Statistical attacks to LSB replacement
LSB replacement staganographic methods, that is, methods that hide information replacing the least significant bit of each pixel, are flawed. Aletheia implements two attacks to these methods: the Sample Pairs Analysis (SPA) and the RS attack.
To execute the SPA attack to an included image with LSB replacement data hidden, use the following command:
$./aletheia.py spa sample_images/lena_lsbr.png Hiden data found in channel R 0.0930809062336 Hiden data found in channel G 0.0923858529528 Hiden data found in channel B 0.115466382367
The command used to perform the RS attack is similar:
$./aletheia.py rs sample_images/lena_lsbr.png Hiden data found in channel R 0.215602586771 Hiden data found in channel G 0.210351910548 Hiden data found in channel B 0.217878287806
In both cases the results provides an estimation of the embedding rate.
Machine Learning based attacks
Most of the state of the art methods in Steganography use some kind of LSB matching. These methods are verify difficult to detect and there is not enough with simple statistical attacks. We need to use machine learning.

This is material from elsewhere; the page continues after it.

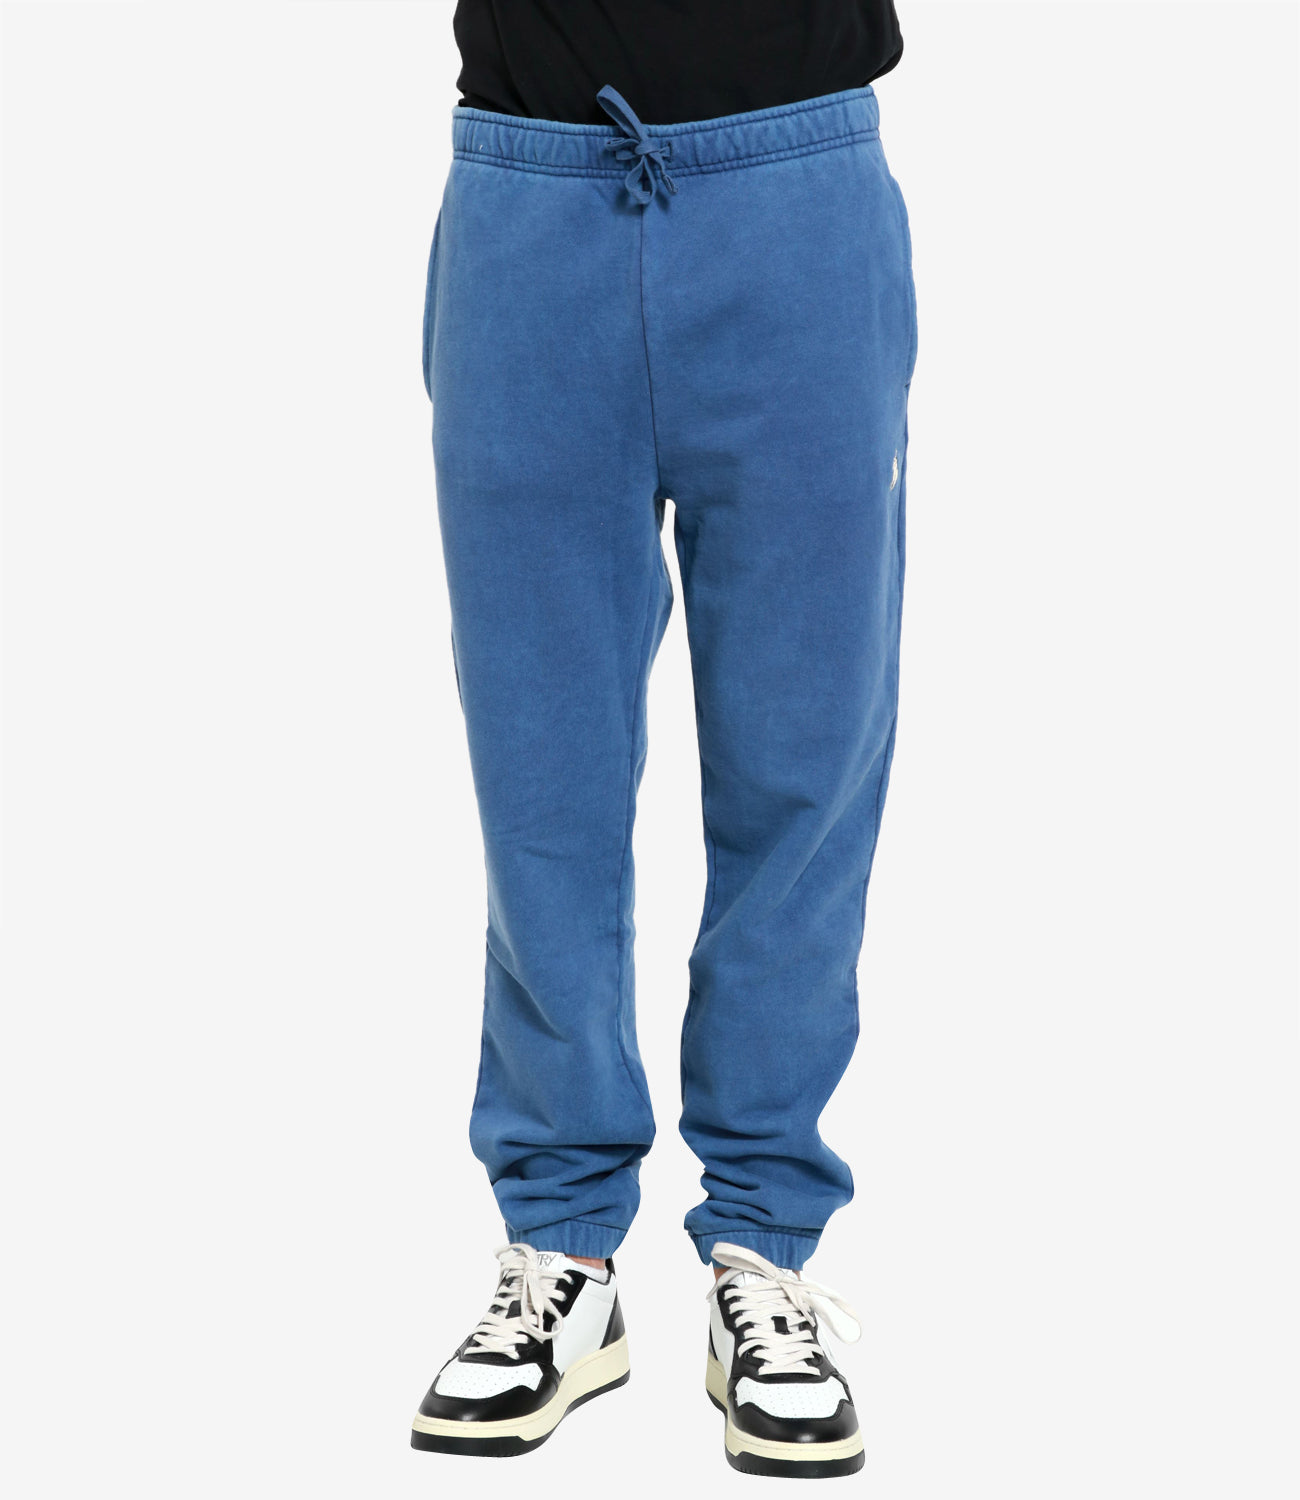 Polo Ralph Lauren | Navy Blue Sports Pants

To use machine learning we need to prepare a training dataset, used to train our classifier. For this example we will use a database of grayscale images called Bossbase.
$ wget http://dde.binghamton.edu/download/ImageDB/BOSSbase_1.01.zip $ unzip BOSSbase_1.01.zip
We are going to build a detector for the HILL algorithm with payload 0.40. So we need to prepare a set of images with data hidden using this algorithm. The following command embeds information into all the images downloaded:
$ ./aletheia.py hill-sim bossbase 0.40 bossbase_hill040
With all the images prepared we need to extract features that can be processes by a machine learning algorithm. Aletheia provides different feature extractors, in this case we will use well known Rich Models. The following commands save the features into two files, on file for cover images and one file for stego images.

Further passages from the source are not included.